Now, these coincidences are remarkable upon any theory. Here is our oldest human document—forty centuries old, and inwrought in its very texture, like the water-marks we sometimes see woven into paper, are these main lines of correspondence with the page 14 results of modern science. I ask evolutionists who are eager to break with the Bible to consider this phenomenon, and explain it if they can. These are not features such as an inventor would be likely to hit upon, nor are they in the shape in which myths would spontaneously grow. There they are in the story, and you cannot get them out. I venture to believe that the time will come when they will be regarded as conclusive evidence of the superhuman origin of the book that contains them.
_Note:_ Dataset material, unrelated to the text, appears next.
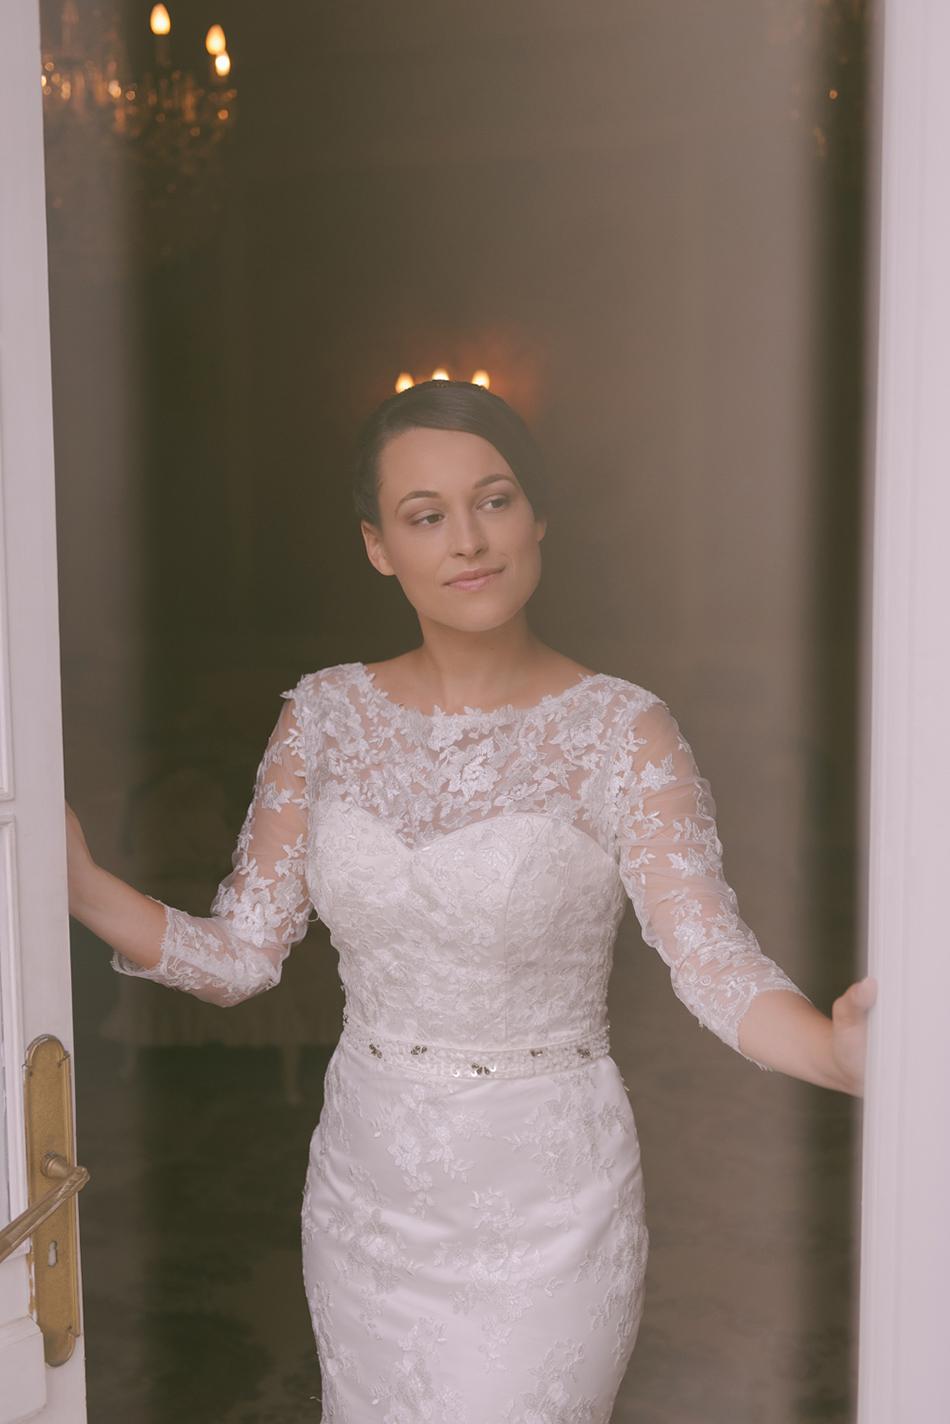 AD Passion Photography | fotograf-nunta-sinaia-flo-oana_0051 | Adelin, Dida, fotograf profesionist, fotograf de nunta, fotografie de nunta, fotograf Timisoara, fotograf Craiova, fotograf Bucuresti, fotograf Arad, nunta Timisoara, nunta Arad, nunta Bucuresti, nunta Craiova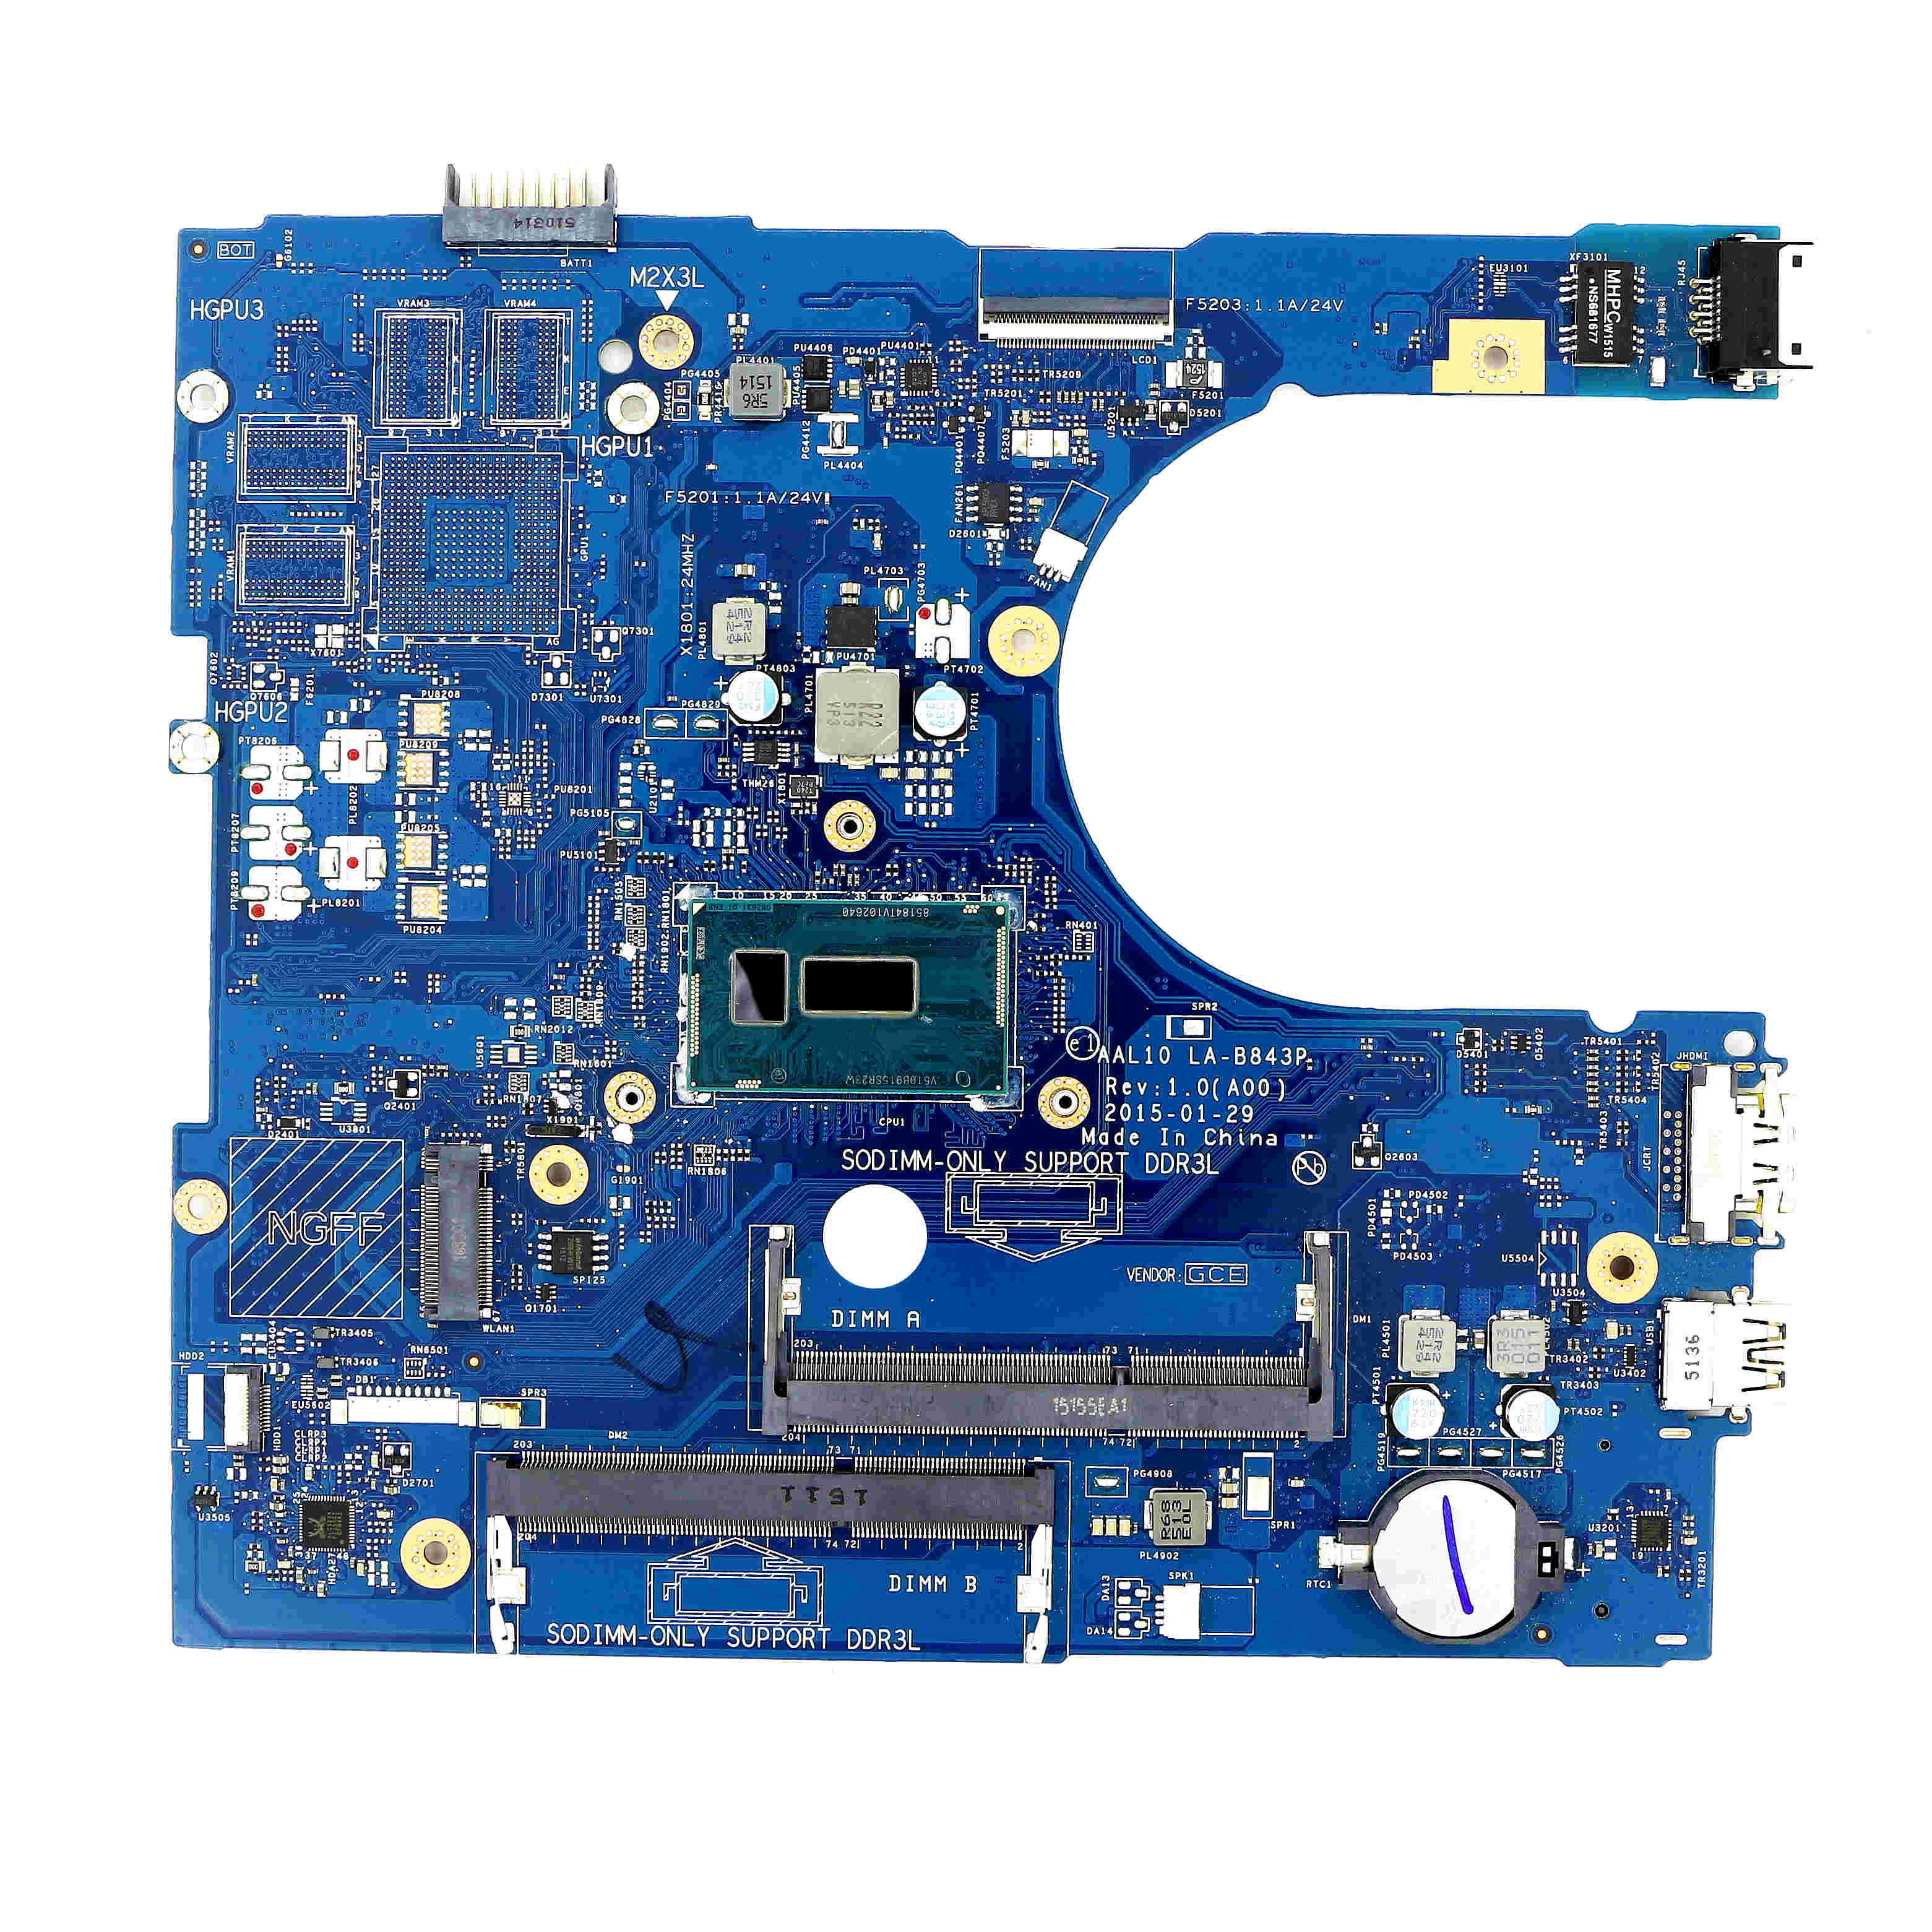 RC3PN-حقيقية Laptop العمل UMA DDR3L اللوحة AAL10 LA-B843P w/ i7-5500U لديل انسبايرون 15 5558 / 14 5458 / 17 5758

* "There is no kind of evidence that is so convincing, or is received with so great satisfaction, as that which, after long and doubtful search, is suddenly discovered to have all the while been on hand, incorporated, though unobserved, in the very subject-matter of inquiry. Thus, for example, a suit upon a note at hand had long been pending in one of the courts of our commonwealth, payment of which was resisted on the ground that it was and must be a forgery, no such note having ever been given. But the difficulty was in the trial to make out any conclusive evidence of what the defending party knew to be the truth. His counsel was, in fact, despairing utterly of success; but it happened that, just as he was about closing his plea, having the note in his hand, and bringing it up, in the motion of his hand, so that the light struck through, his eye caught the glimpse of a mark in the paper. He stopped, held it up deliberately to the light, and behold the name, in water-mark, of a company that had begun the manufacture of paper after the date of the instrument! Here was evidence, without going far to seek it—evidence enough to turn the plaintiff forthwith into a felon, and consign him, as it did, to a felon's punishment."—Nature and the Supernatural.